For instruments that are elected to be carried at fair value, a cumulative-effect adjustment directly to retained earnings as of the
beginning of the fiscal year of adoption would be recorded for the effects. The fair value election would be made on an instrumentby-instrument basis.
The final consensus was ratified by the FASB at its Dec. 11, 2015, meeting, and a final ASU is expected to be issued in the first
quarter of 2016.
Liabilities and Equity – Targeted Improvements
The FASB staff is drafting a proposal to address tentative decisions by the board to make changes to the accounting for an
equity-linked financial instrument with a down-round feature and to replace the current indefinite deferral with a scope exception
in ASC 480.
The proposal is expected to include instruments with down-round features in its scope – that is, instruments that give the holder the
option to purchase equity shares at a strike price (the exercise price) that would be reduced when the entity sells shares of its equity
shares for an amount less than the initial strike price or the entity issues an equity-linked financial instrument with a strike price
below the initial strike price of the instrument.

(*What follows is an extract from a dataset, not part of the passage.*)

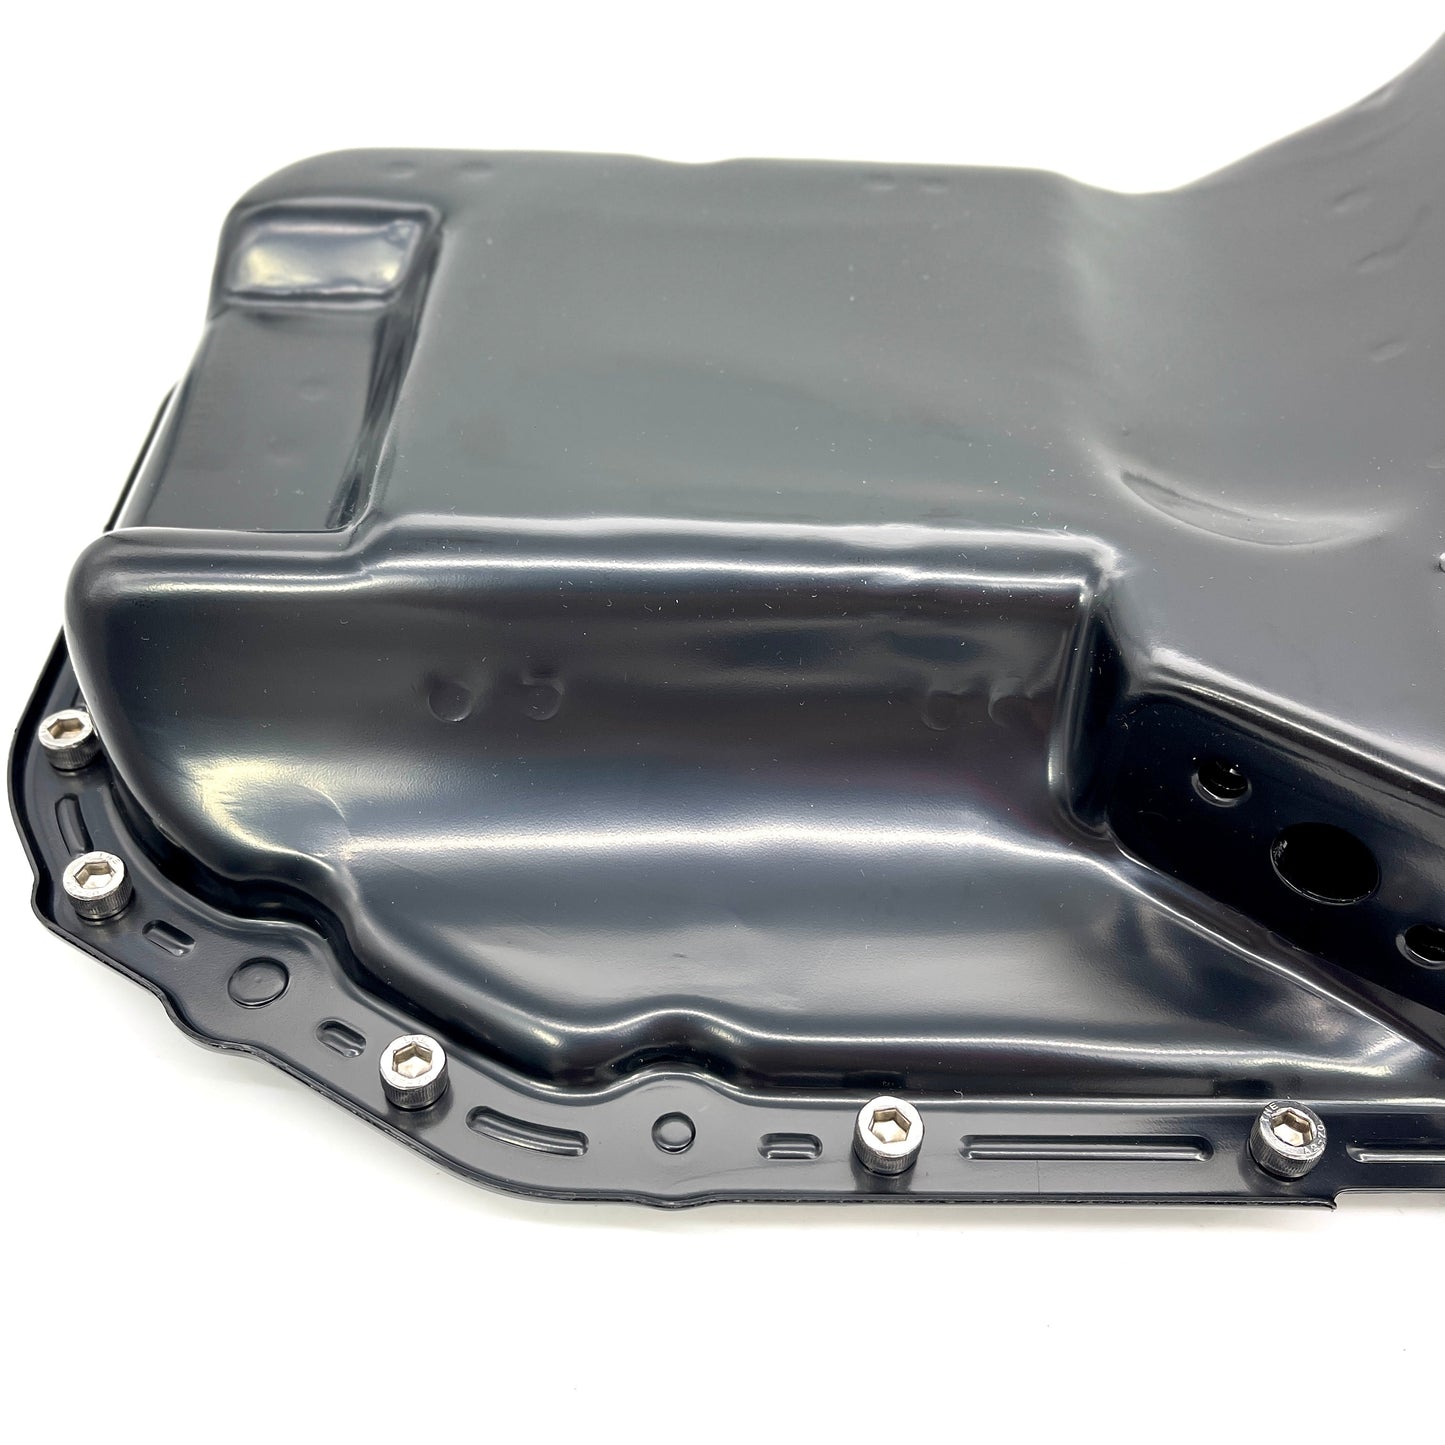 JDC Titanium Oil Pan Hardware Replacement Kit (Evo 4-9/DSM)
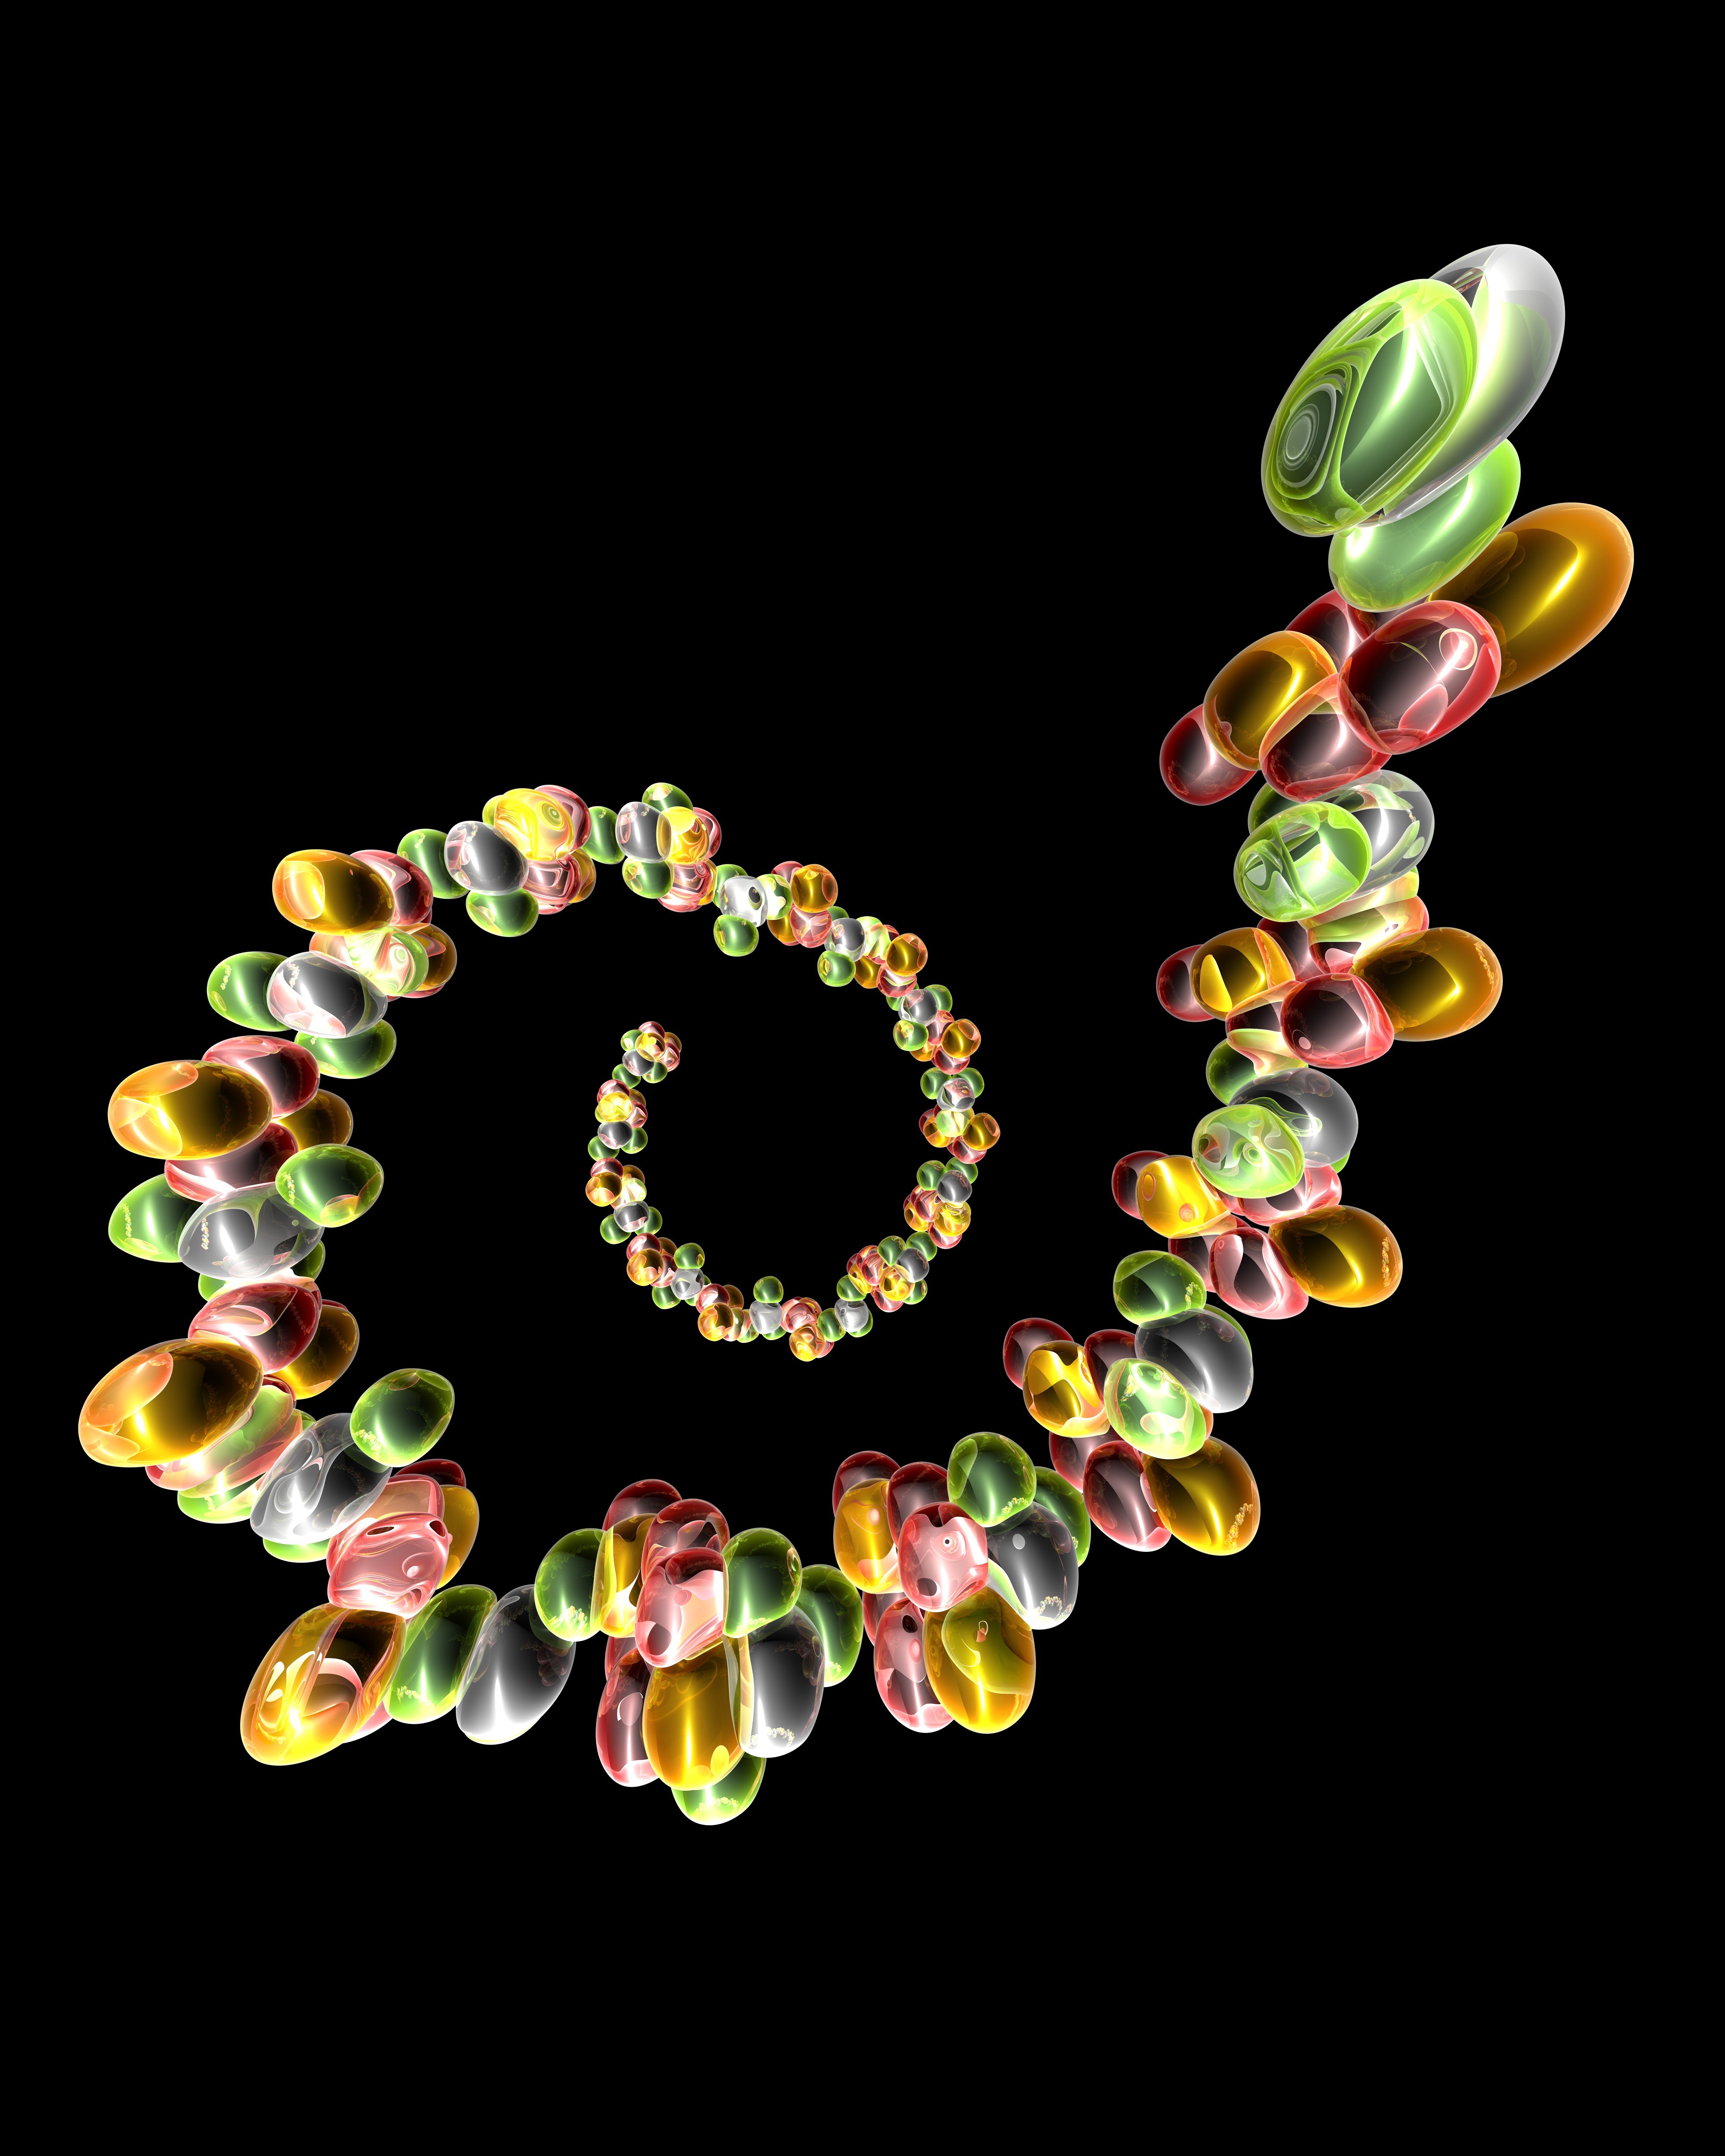 Conceptual artwork of ribonucleic acid. (Getty Images)

The proposal is expected to change the accounting for an equity-linked financial instrument with a down-round feature such that
an entity would no longer consider the down-round feature when assessing whether the instrument is indexed to its own stock.
However, the down-round feature would be recognized when triggered, as follows:
1. For an equity-classified instrument, the fair value of the down-round feature would be recorded in equity as a deemed dividend.
2. For a liability-classified financial instrument, the fair value of the down-round feature would be recognized in earnings when triggered
(that is, when the exercise price of the instrument is reduced due to an event defined in the relevant contract).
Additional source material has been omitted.